13時に起きる。晴れ。夢をみなかった。きょうも散歩をしようとおもった。悩むにしても、ねながら悩むのと歩きながら悩むのは悩みの質がちがっていることがわかった。人間は歩くようにできているらしい。島田潤一郎『古くて新しい仕事』が届いていたのでそれを読んでいたら15時過ぎになってあわてて家を出る。
 駅まで歩く。暑い。昔は冬が苦手だったけれどいまは夏のほうが苦手かもしれない。電車に乗る。人が多い。バッグにはきのう買った『あしたから出版社』と『古くてあたらしい仕事』を入れていた。どちらも島田潤一郎の書いたもので、私は『あしたから出版社』を大学のときに読んでいたく感動したのだったが、いま読み返してみると、自分がぜんぜん変わっていないとおもった。
 西荻窪で降りる。古本屋に入って本棚をみていた。しかしどうしたことか、だんだんと悄然とした気持ちになっていった。どうしてなのかわからないが、とにかくかなしくなった。なぜなのだろう。本屋はよいところだった。荷物が重くなったからなのかお腹が空いているからなのか足がだるいからなのか、そのどれもであるような気がしたしどれでもないような気がした。『これからの本屋』『澁澤龍彦集成Ⅴ』を買って店を出、近くの古本屋をめぐって吉本隆明『最後の親鸞網野善彦『異形の王権』を買った。良い買い物のはずだった、しかしどうしたことか気分はどんどん沈んでいった。こんな気持ちで買われては古本屋に対して失礼だろうとおもいながら歩いていると小川があり、なんとなくその流れに沿って歩いた。薄暗い底から川の流れる音がして、ほのかに水のにおいがした。道を曲がり、高架がみえたので今度はそれをたどると荻窪駅についた。駅のまわりをふらふらしているとあゆみブックスという本屋があったので入った。よかった。

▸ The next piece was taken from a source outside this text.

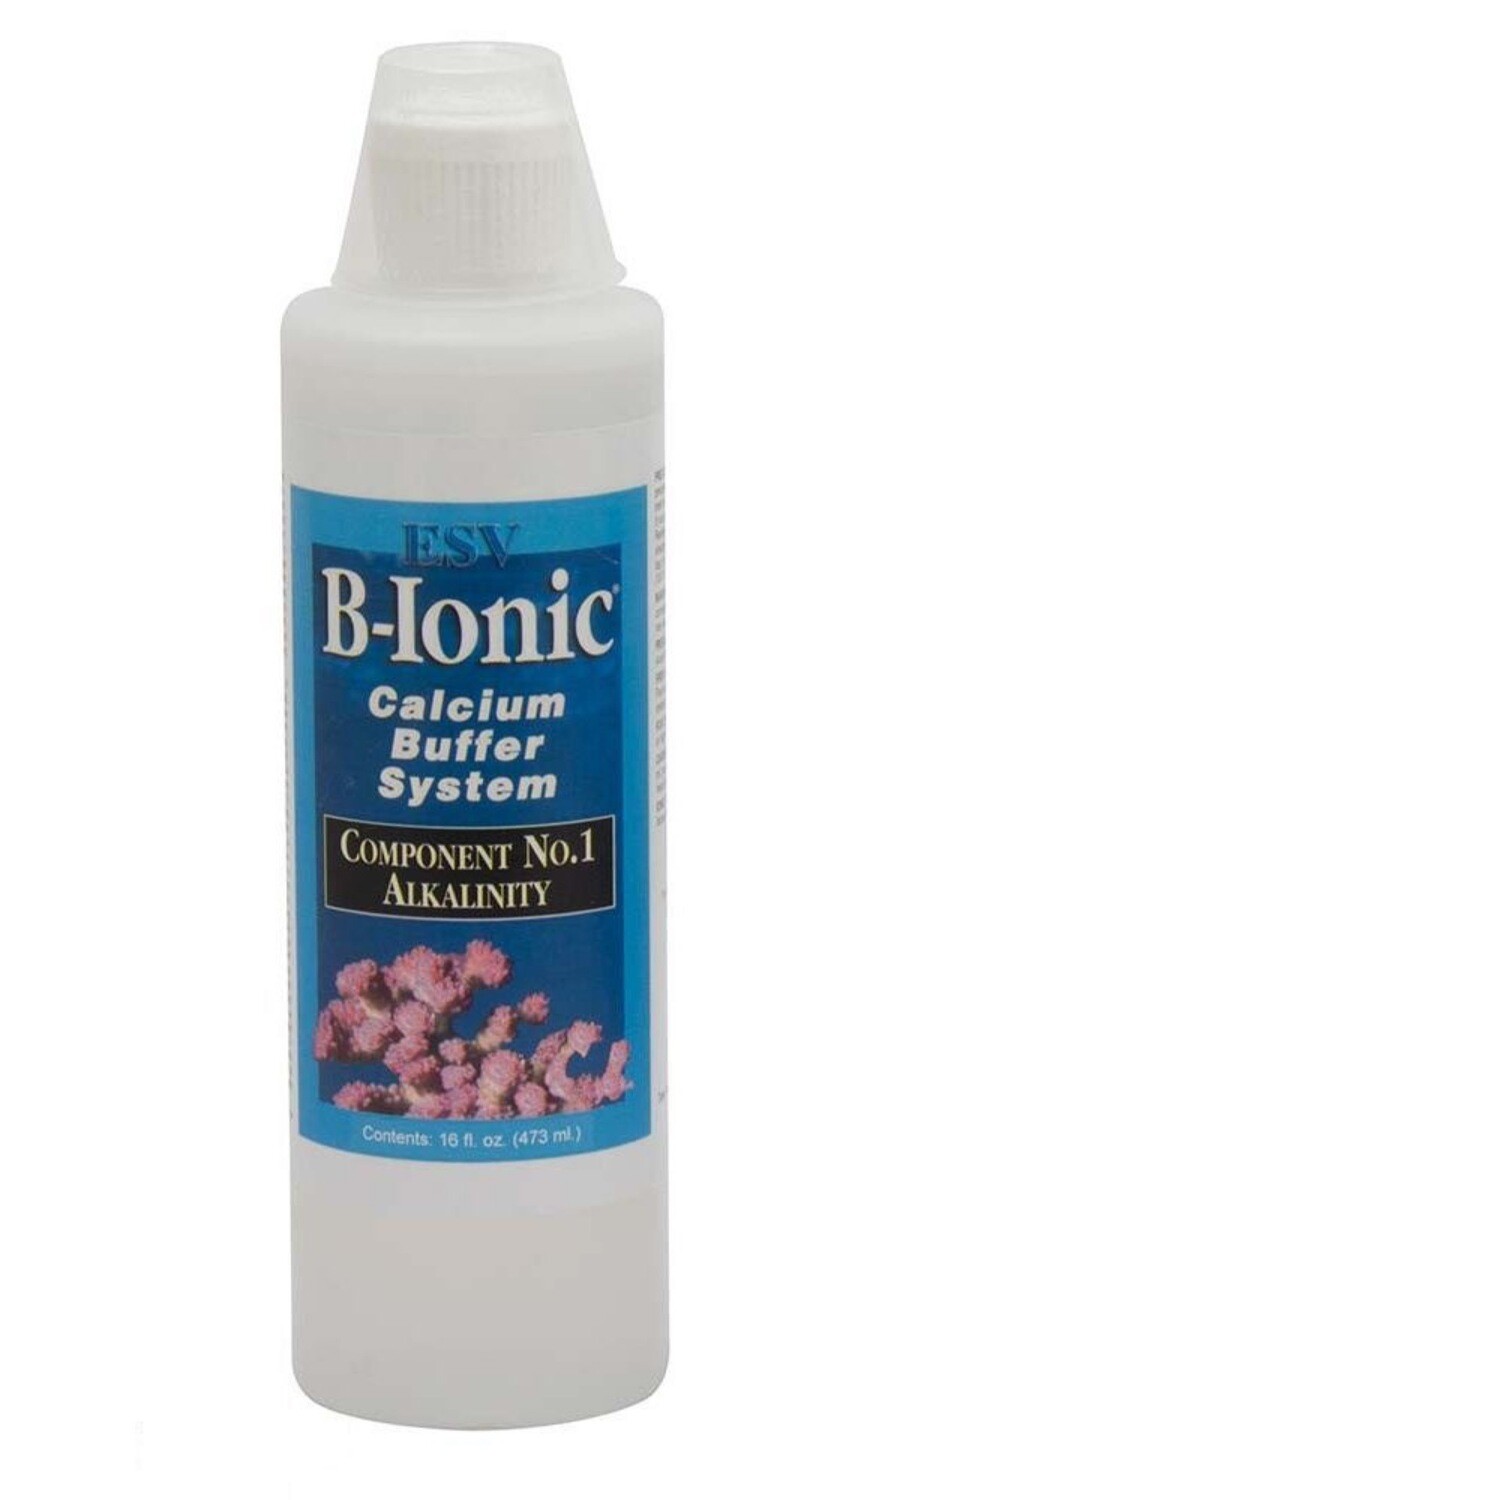 B-Ionic Calcium Buffer System Component No. 1 Alkalinity 
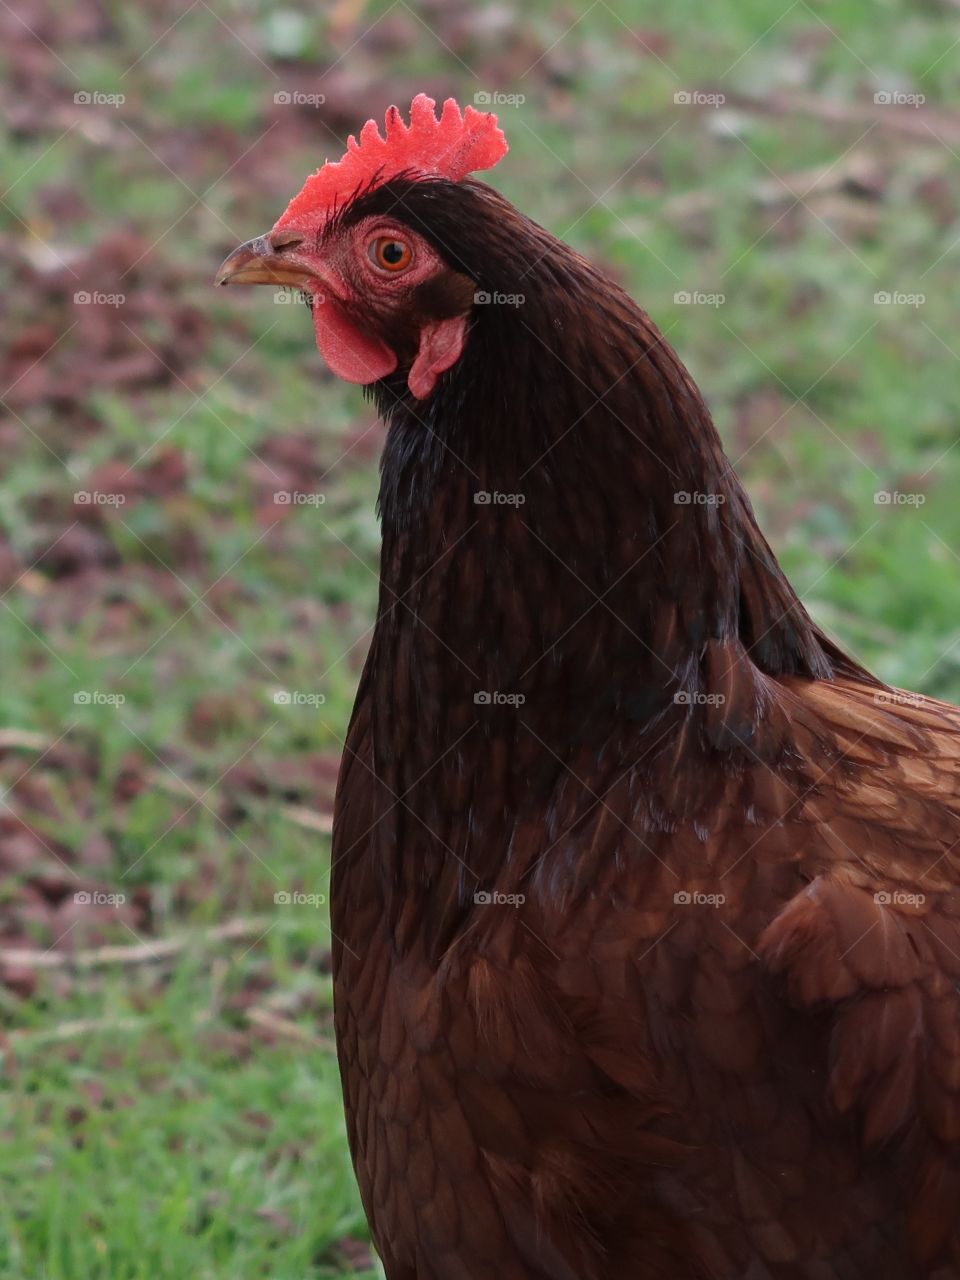 A brown rooster with red parts searches for feed in the farmyard full of fresh spring grass.

 荻窪駅をしばらくふらつき、カフェに入って座ると、とたんに疲れが押し寄せた。これは、ただ疲れているだけなのではないか、とおもいながらも本を開く。『これからの本屋』。ところどころおもしろかったが(閉店した本屋の店主のインタビューはおもしろかった)読み進めるうちに、だんだんとかなしくなっていった。かなしくなりすぎだろ。それはともかく、場所を借りるか持つかして、本を入荷して、売る、というのが本屋だとおもっていたら冒頭、「本屋の定義を考えましょう」ということで、ネット上で開かれている本屋が紹介されていた。「うちの店は月にも支店を開けるんですよ」とその本屋をひらいている人はいっていて、著者はそれに可能性を感じているらしく、最後には「本は店ではなく人ではないか」と書かれていたのだが、一通り読んで「これらを本屋と呼ぶ必然性はどこにあるのだろう」とおもった。私が気になっていたのは、資本金とか月の売り上げとか経営の工夫とか、本が売れなくなっている中でお店の人はどうがんばっているかということだったので、そもそもこの本とは方向がちがうのだった。勝手に期待して勝手にがっかりしているので、文句はいうべきではないのかもしれない。たしかにあたらしいこころみはなされるべきなのかもしれない。ただなんというか、文化は空間であるはずだった。毎日道をとおるときに寄るとか、何年もそこに場所があるとか、そういった現実に持続性をもった空間がほんとうに生活に影響を与えるのではないか。SNSで本屋を開いても、それはツイッターのバズりのような、いっとき話題になって消えるだけの流行りにしかならないのではないか。そういう疑念を払拭できればとおもったが、そういうものはこの本のなかにはみつからなかった。「考える前に行動するのが大事」とも「行動しなければ考えなかったのと同じ」ともこの本には書いてあった。私は、なんだか、かなしくなった。「使えなくなったので定義や意味を変えちゃいましょう」というのは日本では昔からあることなので、これでもいいのかもしれない。ただ私はいままでの本屋を本屋とおもいたい。早晩そういう本屋のほとんどはなくなるだろうが、月に行くよりかはいいのではないか。